Selected persons for whom one or more of characteristics (a) to (e) cannot be determined are considered non-respondents. There are two types of non-respondents:

  • An SP is 'not identified' when it cannot be determined whether or not they are listed.
  • An SP is 'not traced' when it cannot be determined whether or not they are included in the census target population.
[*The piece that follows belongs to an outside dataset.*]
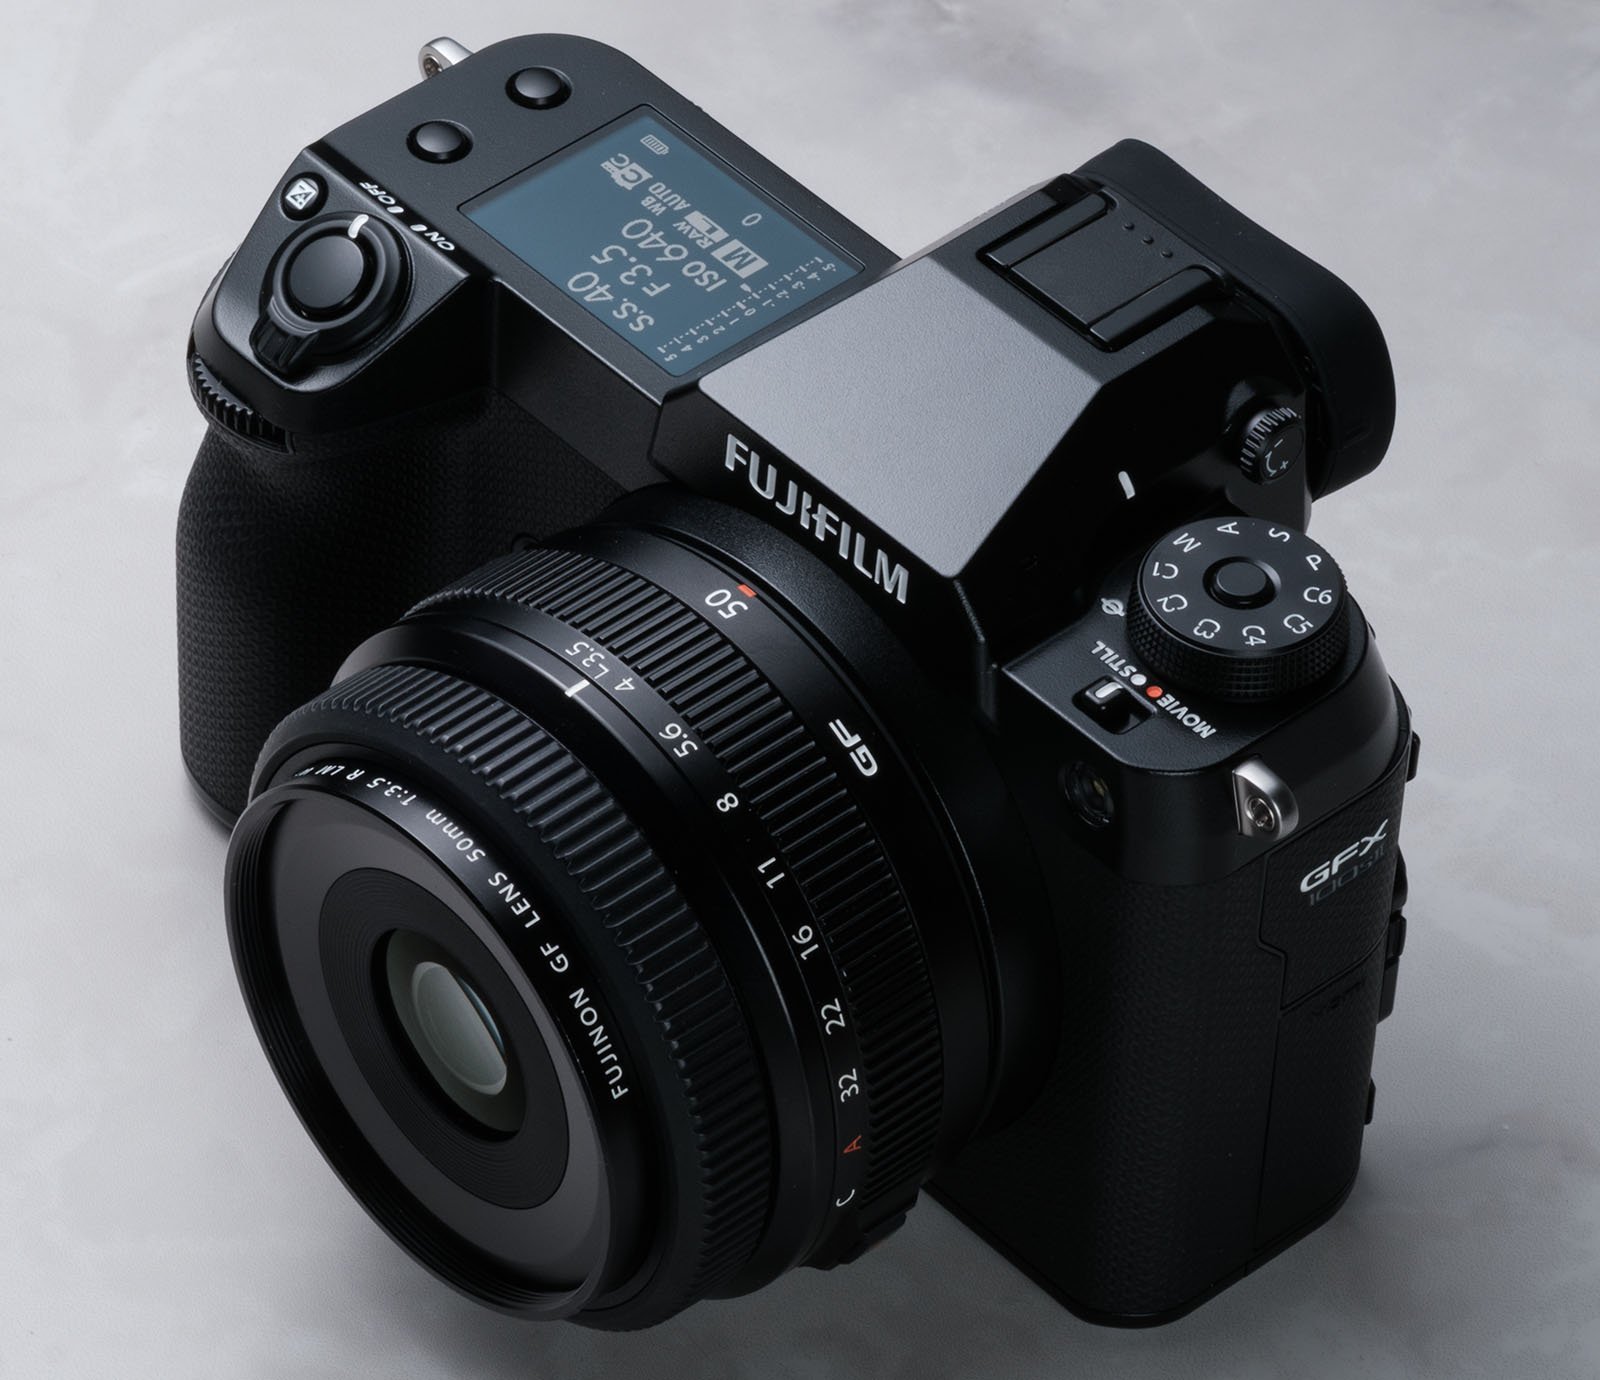 A Fujifilm GFX digital camera is shown. The camera features a large lens with various settings marked, a top display screen, and multiple buttons and dials for different camera functions. The body is black and has a textured grip. The camera rests on a light surface.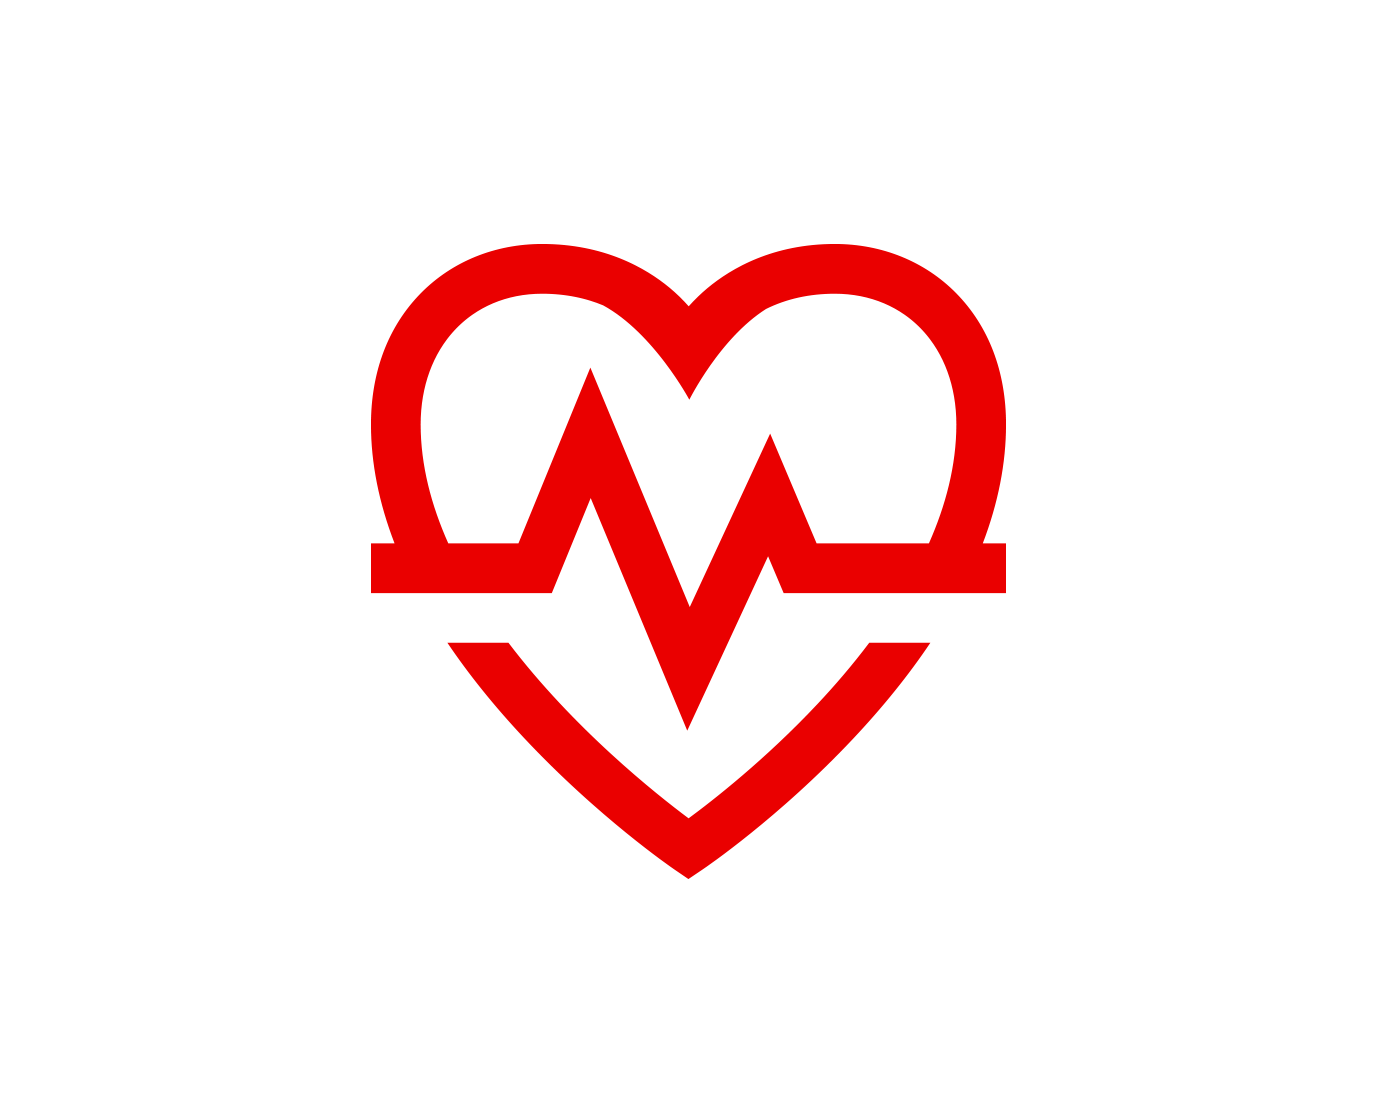 Image depicting a heart symbol to represent the reduction of heart disease risk with standing desks.

Table 7.2 presents the distribution of the sample by classification and sampling frame. The classification is determined from specific combinations of characteristics (a) to (e). Data for the territories is divided into the matched stratum and the unmatched strata. Among the 67,813 SPs selected in the provinces, 56,789 were classified as 'enumerated,' 5,431 were classified as 'missed' and 2,901 were non-respondents. An adjustment for non-response is done during the estimation (see Section 7.4). Note that the definition of a non-respondent for classification, and therefore for estimation, is not the same as the usual definition of a non-respondent for whom data collection is attempted but not completed. This is because classification uses data from many sources of which one may be collection. To avoid confusion, Section 7.3 on collection refers to 'completed collection' rather than 'response.'

'Traced' SPs are SPs for whom it can be determined whether or not they are included in the census target population. For purposes of estimation and tabulation, traced SPs are our respondents. Since names, including those of household members, and addresses are available in the RRC RDB, and the tools for consulting the database are sufficiently powerful, it can be verified whether a SP is enumerated at an address even if the address is vague. This ensures that SPs are classified as traced only when it is known whether or not they are mobile and whether or not they are enumerated.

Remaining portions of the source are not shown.